Start of Dataset content

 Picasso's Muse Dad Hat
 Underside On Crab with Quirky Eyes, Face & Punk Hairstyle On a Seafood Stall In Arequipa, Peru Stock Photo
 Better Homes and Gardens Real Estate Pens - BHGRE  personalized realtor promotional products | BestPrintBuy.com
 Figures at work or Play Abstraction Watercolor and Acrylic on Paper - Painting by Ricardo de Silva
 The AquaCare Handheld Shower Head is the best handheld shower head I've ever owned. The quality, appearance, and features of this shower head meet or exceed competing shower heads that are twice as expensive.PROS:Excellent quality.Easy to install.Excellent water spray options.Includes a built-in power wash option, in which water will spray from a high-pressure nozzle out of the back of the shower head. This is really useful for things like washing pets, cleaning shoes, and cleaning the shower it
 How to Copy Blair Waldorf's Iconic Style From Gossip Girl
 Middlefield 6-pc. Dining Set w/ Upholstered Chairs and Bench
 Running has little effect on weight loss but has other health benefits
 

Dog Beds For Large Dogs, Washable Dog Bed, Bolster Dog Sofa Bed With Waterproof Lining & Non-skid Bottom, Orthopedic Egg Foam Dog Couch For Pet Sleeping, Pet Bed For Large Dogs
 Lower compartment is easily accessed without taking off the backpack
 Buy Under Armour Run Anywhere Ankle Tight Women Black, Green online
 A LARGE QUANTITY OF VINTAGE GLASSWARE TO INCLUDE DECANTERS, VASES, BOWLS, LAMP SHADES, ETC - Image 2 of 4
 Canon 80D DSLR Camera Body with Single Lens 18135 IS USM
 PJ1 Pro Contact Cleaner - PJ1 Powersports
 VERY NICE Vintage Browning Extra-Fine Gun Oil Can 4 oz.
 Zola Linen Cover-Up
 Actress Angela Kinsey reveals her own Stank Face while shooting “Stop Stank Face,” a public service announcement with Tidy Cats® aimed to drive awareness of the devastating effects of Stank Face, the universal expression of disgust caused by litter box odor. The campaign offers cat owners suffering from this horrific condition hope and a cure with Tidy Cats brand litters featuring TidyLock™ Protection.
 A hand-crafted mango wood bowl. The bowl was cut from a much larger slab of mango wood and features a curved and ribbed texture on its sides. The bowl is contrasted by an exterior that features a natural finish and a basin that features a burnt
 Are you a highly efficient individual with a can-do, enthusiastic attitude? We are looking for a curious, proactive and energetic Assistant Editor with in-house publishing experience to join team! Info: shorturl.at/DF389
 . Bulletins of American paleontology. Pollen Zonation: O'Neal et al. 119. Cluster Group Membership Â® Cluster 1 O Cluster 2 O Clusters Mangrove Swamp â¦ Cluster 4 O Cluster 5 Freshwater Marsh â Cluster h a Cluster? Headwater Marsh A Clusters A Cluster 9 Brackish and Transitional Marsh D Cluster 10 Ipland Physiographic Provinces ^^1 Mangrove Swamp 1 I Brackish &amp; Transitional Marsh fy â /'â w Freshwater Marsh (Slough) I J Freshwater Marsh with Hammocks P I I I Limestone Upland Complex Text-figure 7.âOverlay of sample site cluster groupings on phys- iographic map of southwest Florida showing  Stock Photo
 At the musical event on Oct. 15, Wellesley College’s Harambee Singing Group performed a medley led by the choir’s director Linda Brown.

End of Dataset content

What you are asked to do
Take the entries above and return only the lines from the one with "Middlefield 6-pc. Dining" to the one with "Zola Linen Cover-Up", both included, unchanged.

Solution to this task
 Middlefield 6-pc. Dining Set w/ Upholstered Chairs and Bench
 Running has little effect on weight loss but has other health benefits
 

Dog Beds For Large Dogs, Washable Dog Bed, Bolster Dog Sofa Bed With Waterproof Lining & Non-skid Bottom, Orthopedic Egg Foam Dog Couch For Pet Sleeping, Pet Bed For Large Dogs
 Lower compartment is easily accessed without taking off the backpack
 Buy Under Armour Run Anywhere Ankle Tight Women Black, Green online
 A LARGE QUANTITY OF VINTAGE GLASSWARE TO INCLUDE DECANTERS, VASES, BOWLS, LAMP SHADES, ETC - Image 2 of 4
 Canon 80D DSLR Camera Body with Single Lens 18135 IS USM
 PJ1 Pro Contact Cleaner - PJ1 Powersports
 VERY NICE Vintage Browning Extra-Fine Gun Oil Can 4 oz.
 Zola Linen Cover-Up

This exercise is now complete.